Your task is to transcribe all the entries exactly, excluding pictures.

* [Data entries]

----------

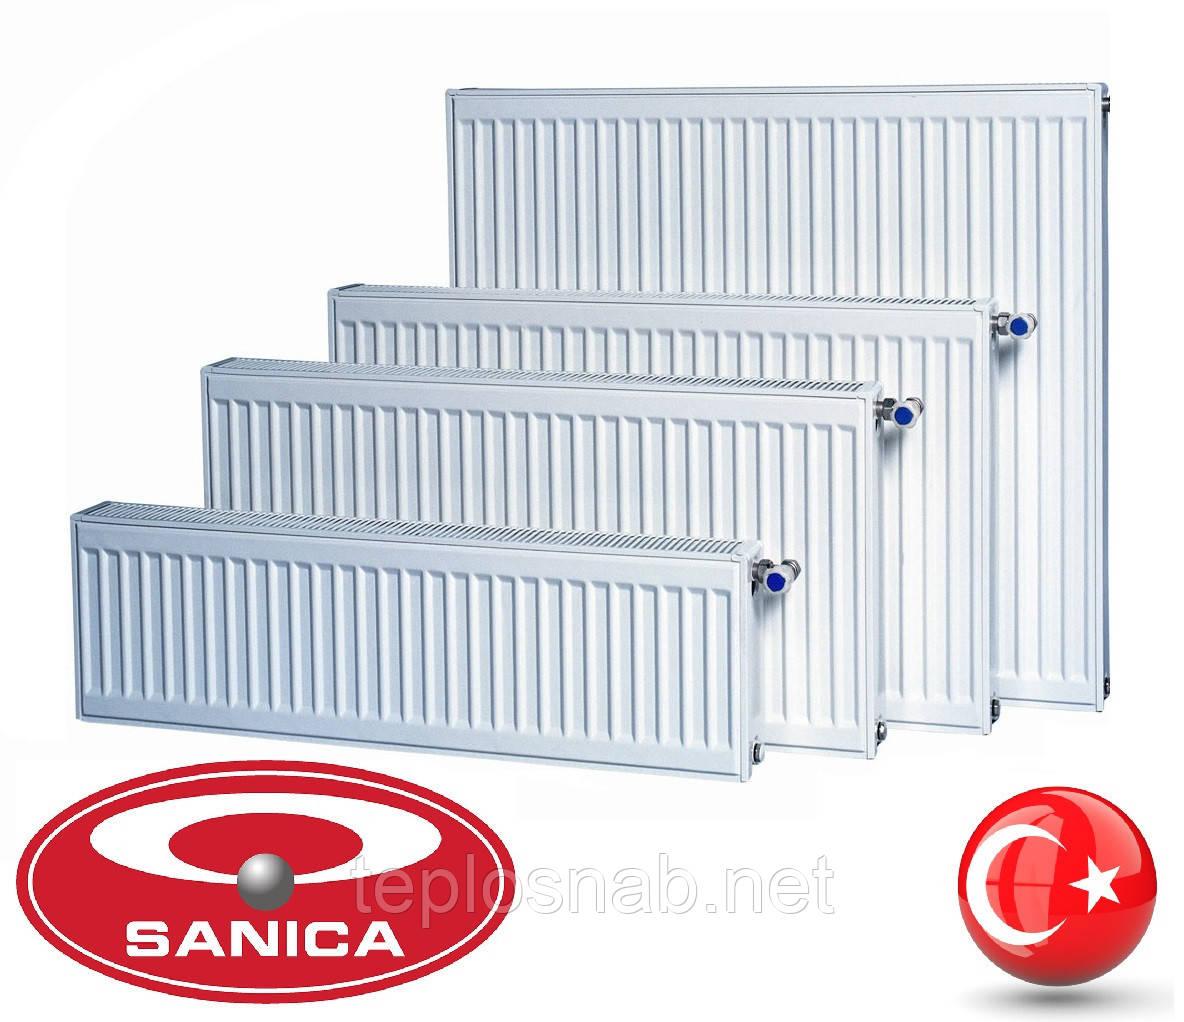 Стальной радиатор Sanica 22 тип (500 х 1600 мм) / 3086 Вт
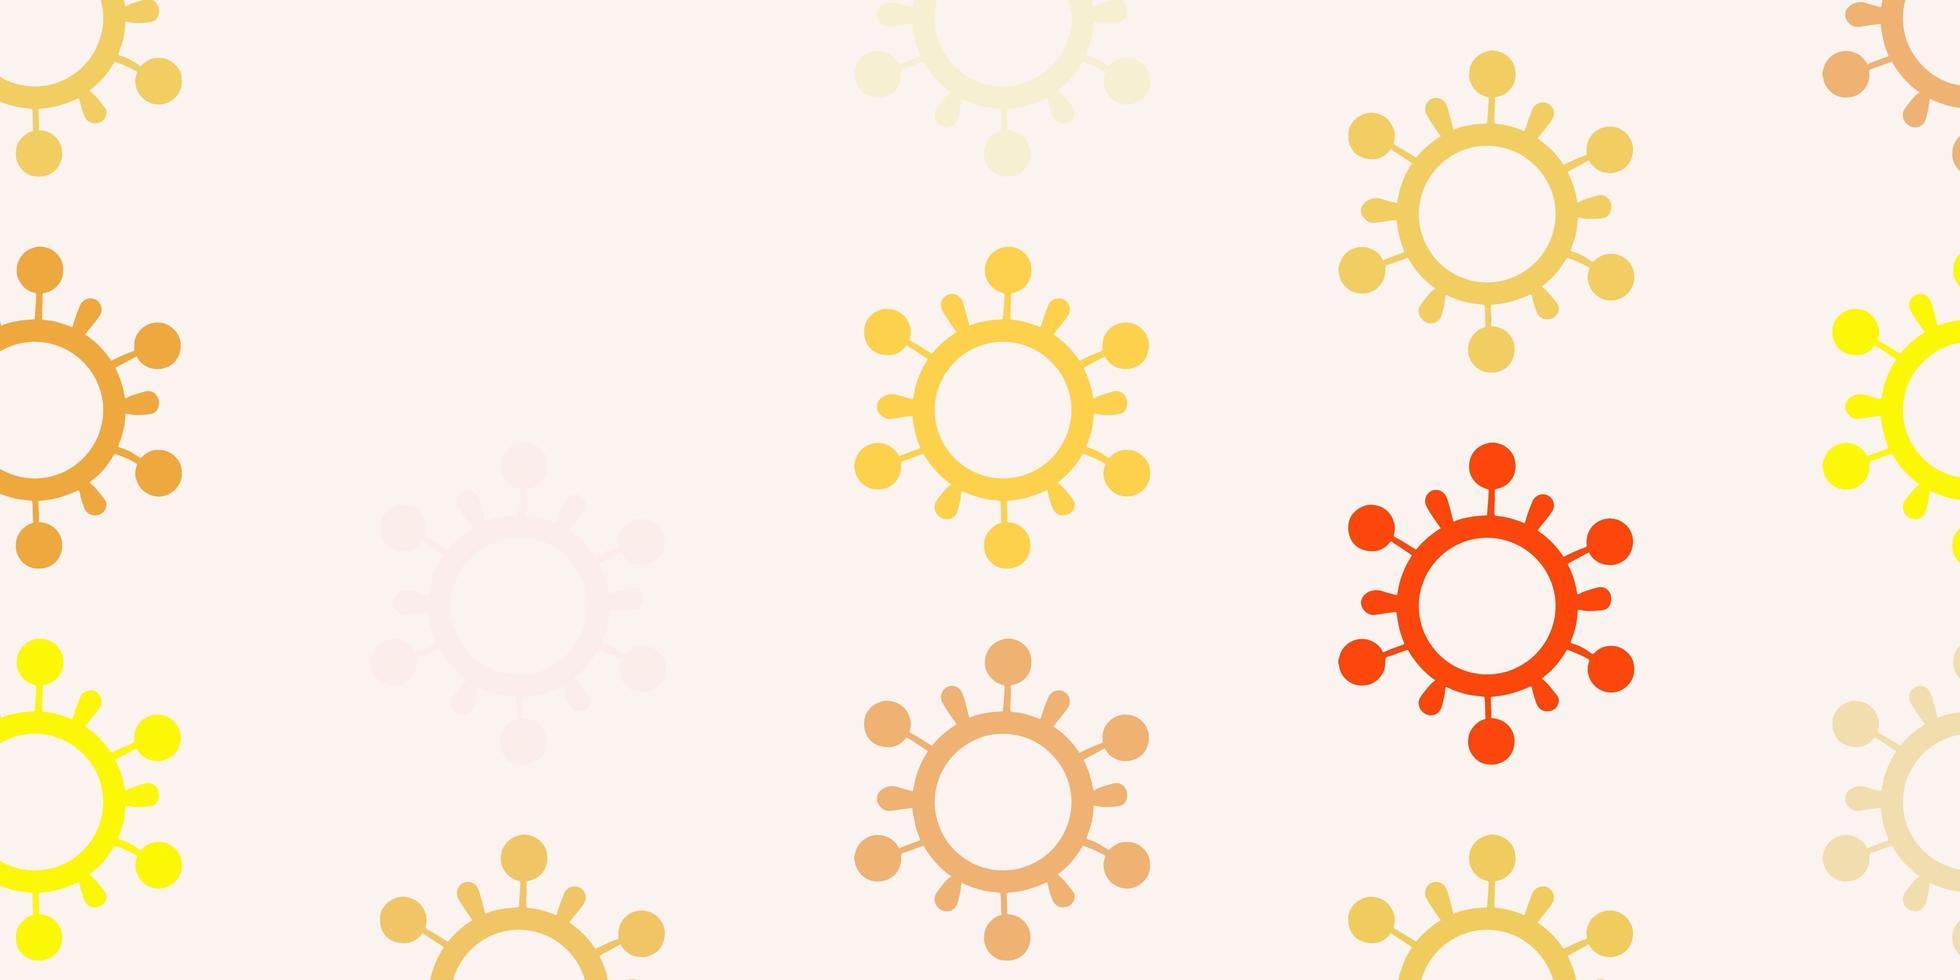 ljusrosa, gult vektormönster med coronaviruselement. vektor
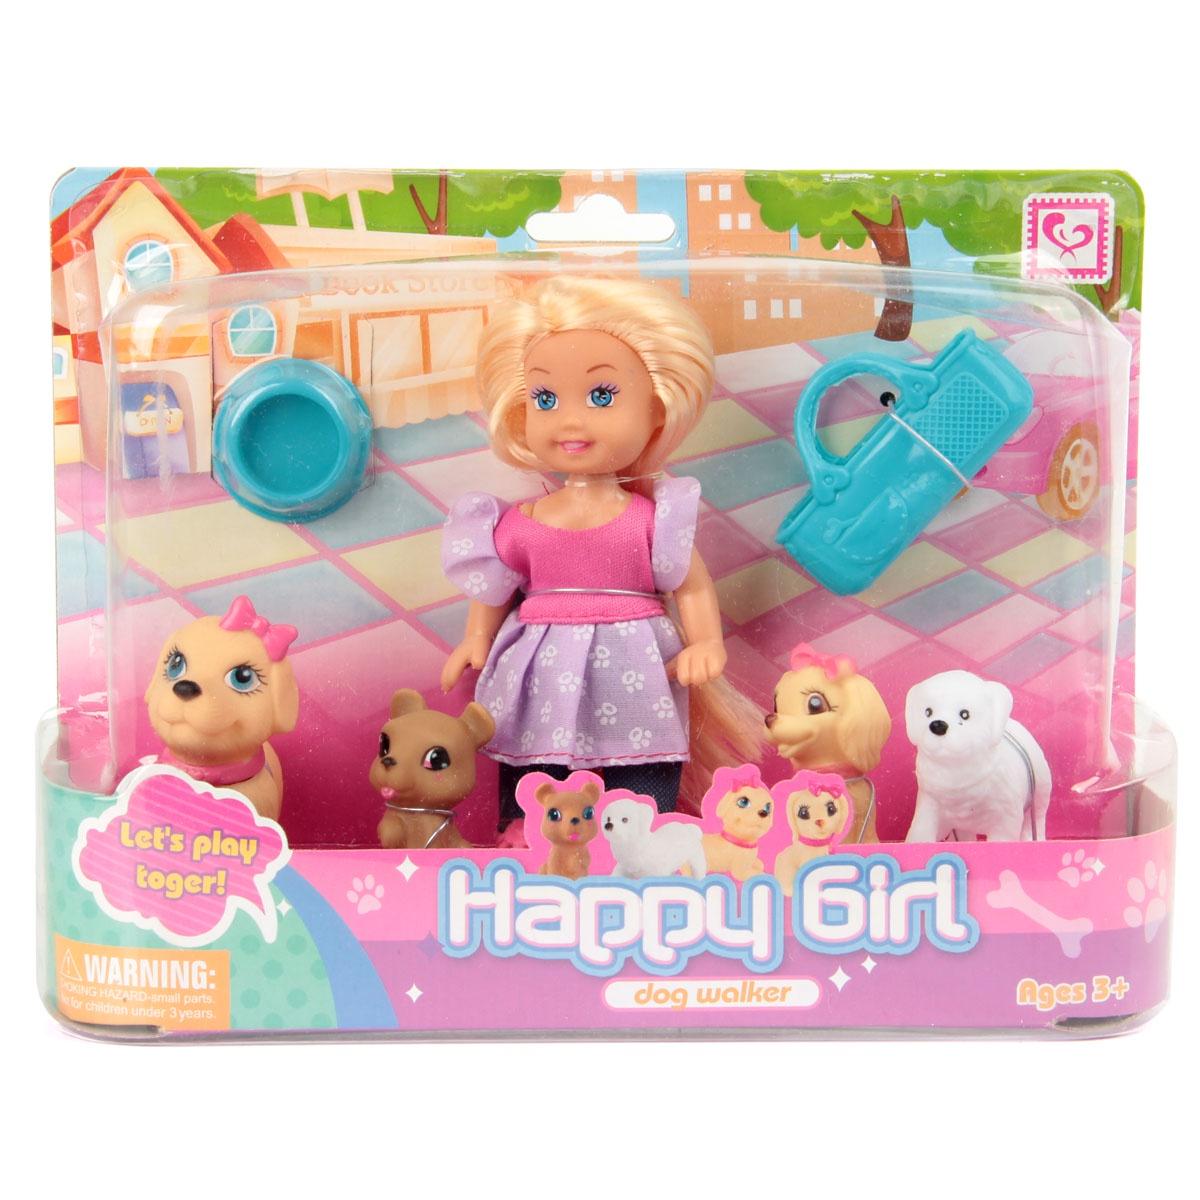 Игровой набор с куклой Veld Co 62971 veld co игровой набор с мини куклой русалка и морской конек цвет желтый розовый
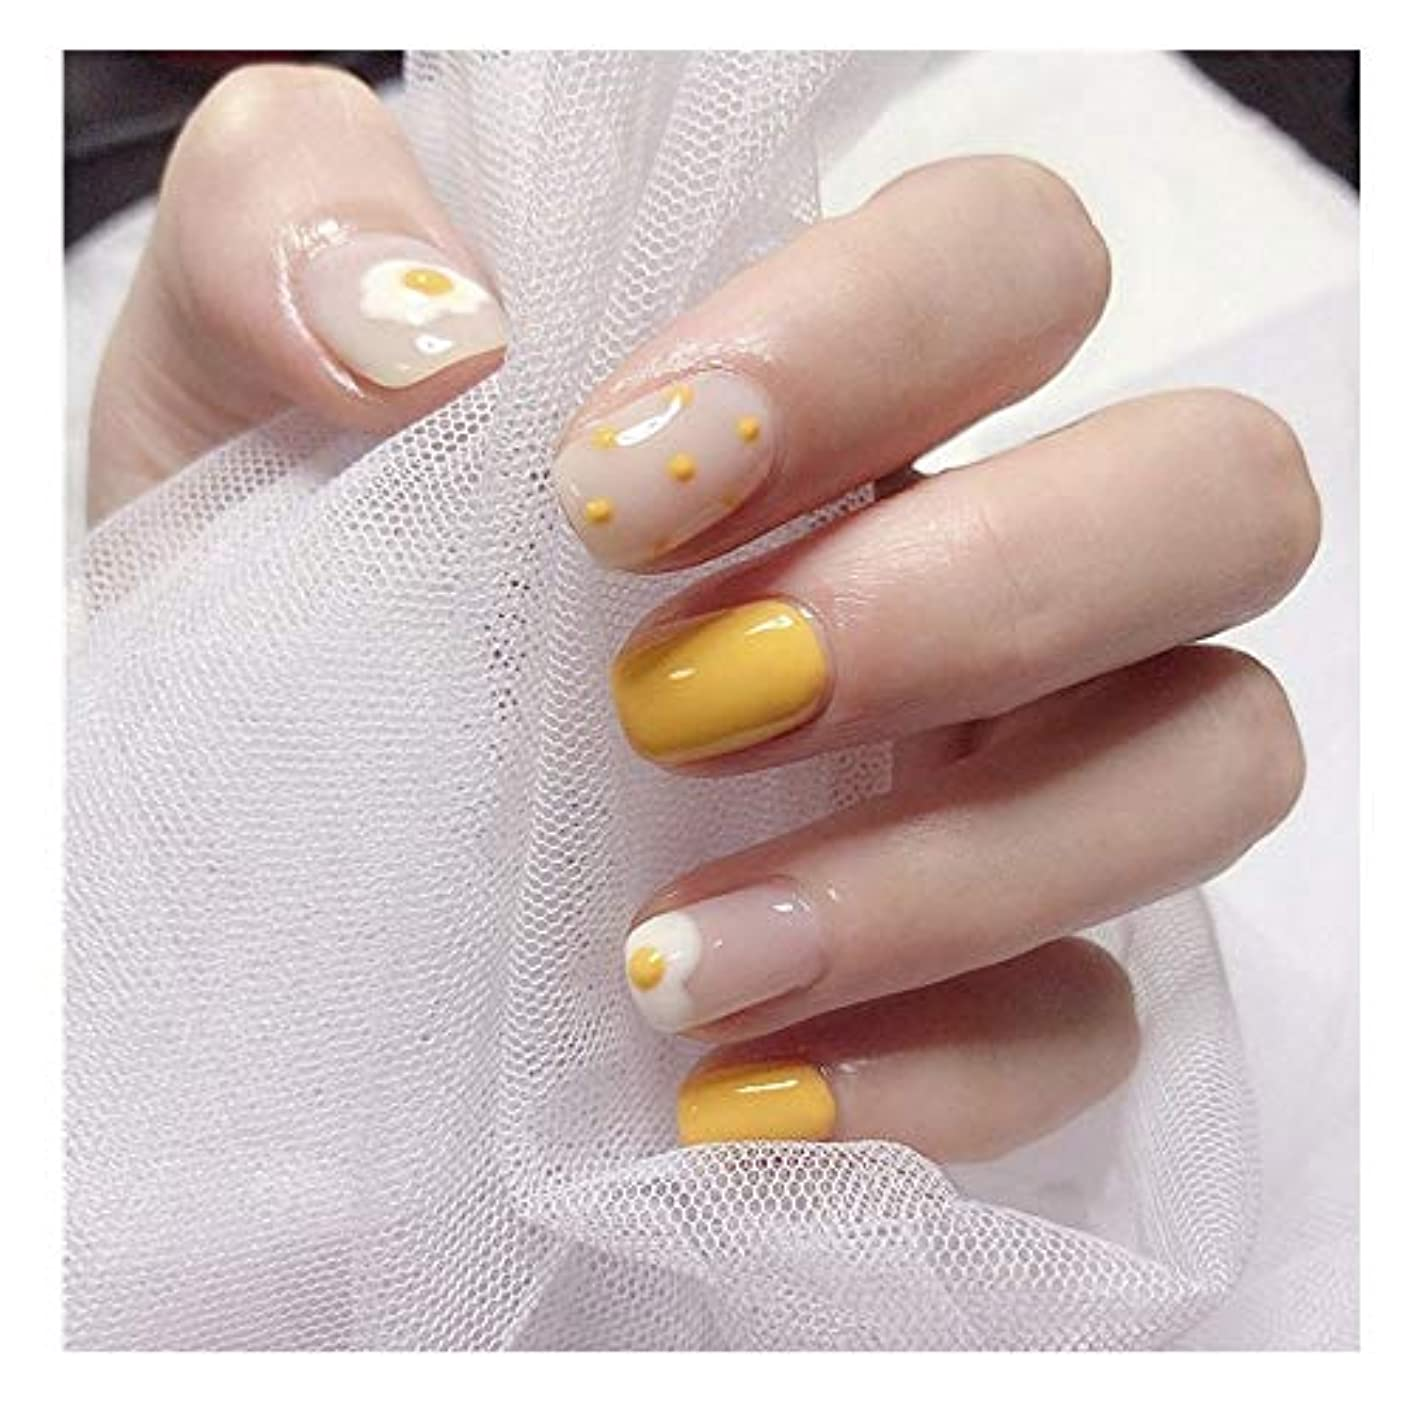 関数有効なピューYESONEEP 黄色の卵偽の釘のショートスクエアネイルグルー完成ネイルアートフェイクネイルズ (色 : 24 pieces)
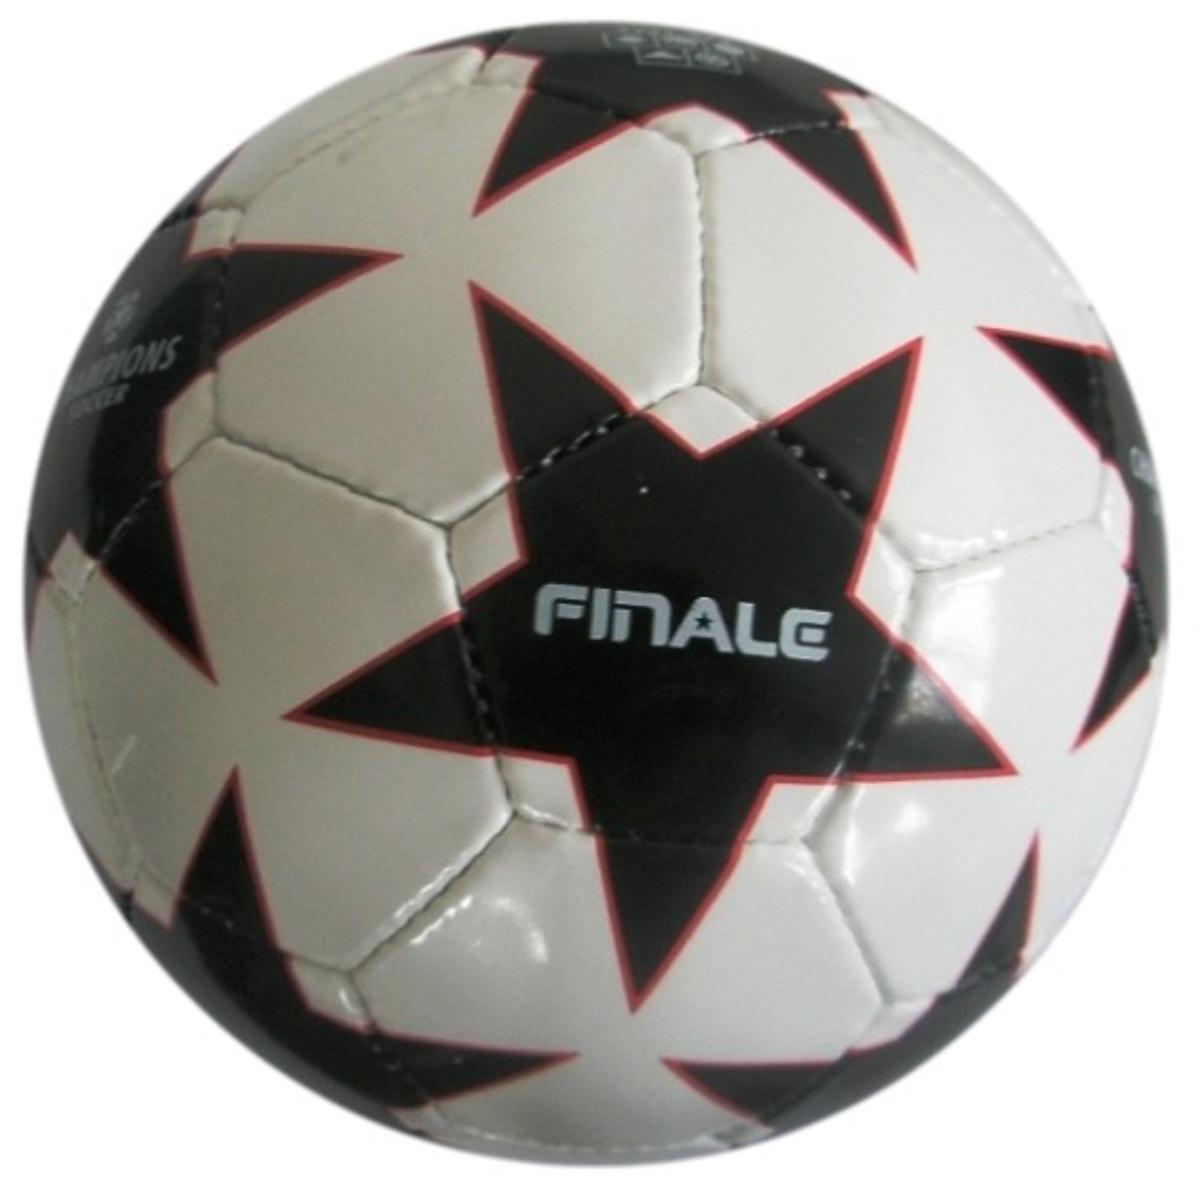 Fotbalový míč RICHMORAL Finale 4
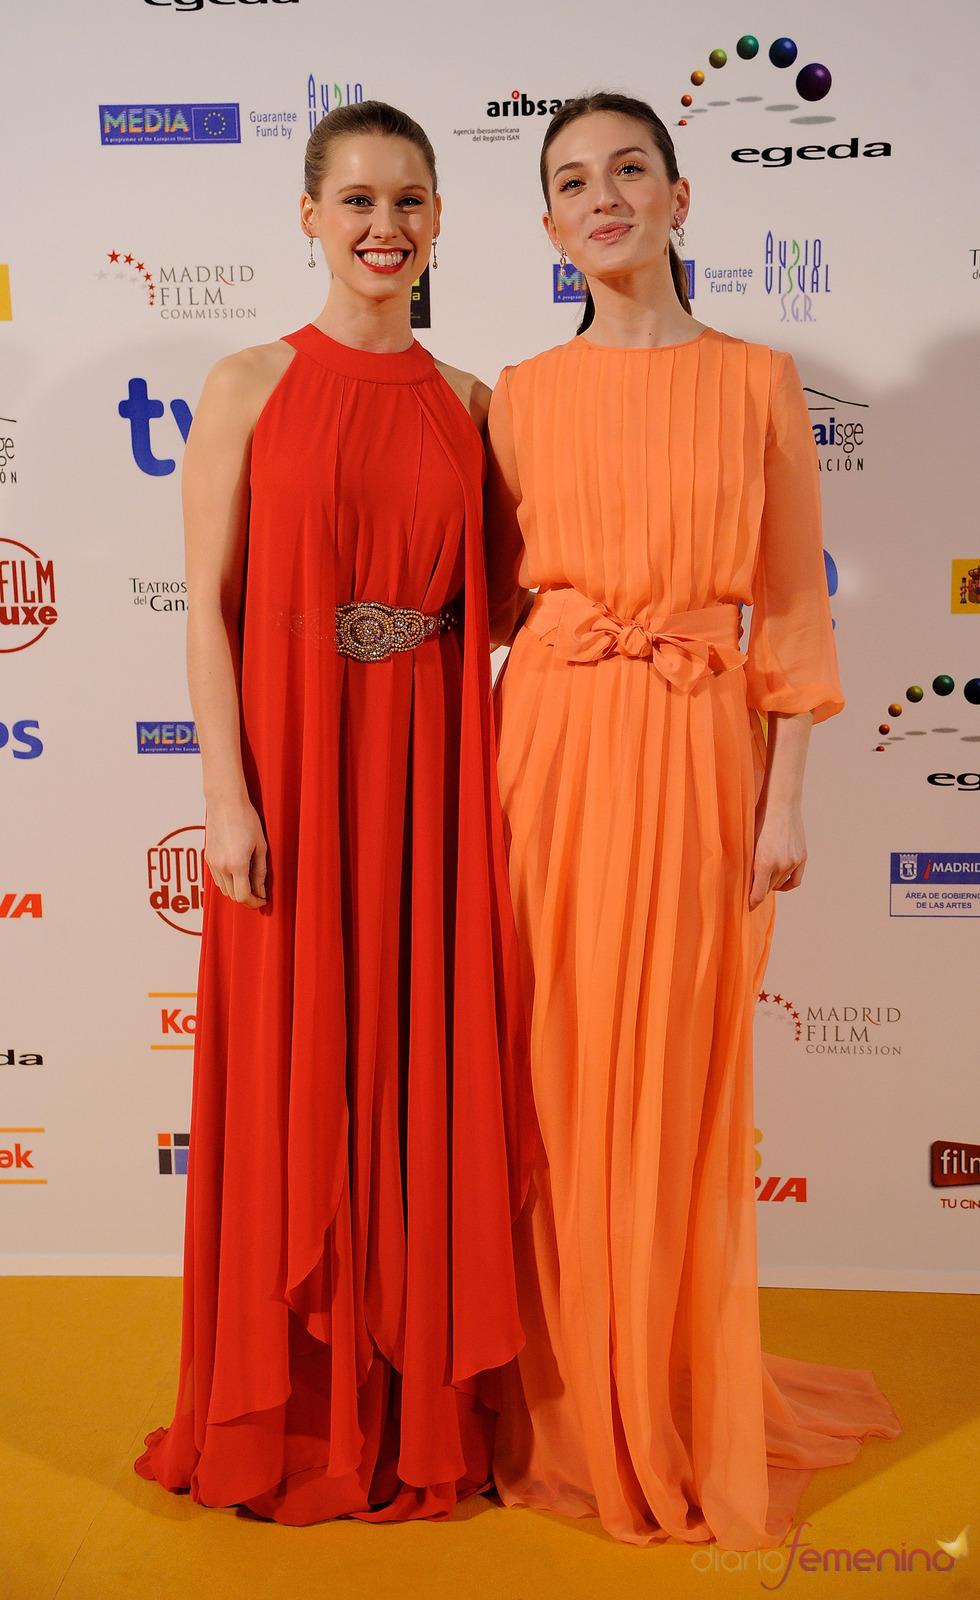 María Valverde y Manuela Velles en los Premios Jose María Forqué 2011

----------

* [Answer]
 Стальной радиатор Sanica 22 тип (500 х 1600 мм) / 3086 Вт
 ljusrosa, gult vektormönster med coronaviruselement. vektor
 Игровой набор с куклой Veld Co 62971 veld co игровой набор с мини куклой русалка и морской конек цвет желтый розовый
 関数有効なピューYESONEEP 黄色の卵偽の釘のショートスクエアネイルグルー完成ネイルアートフェイクネイルズ (色 : 24 pieces)
 Fotbalový míč RICHMORAL Finale 4
 María Valverde y Manuela Velles en los Premios Jose María Forqué 2011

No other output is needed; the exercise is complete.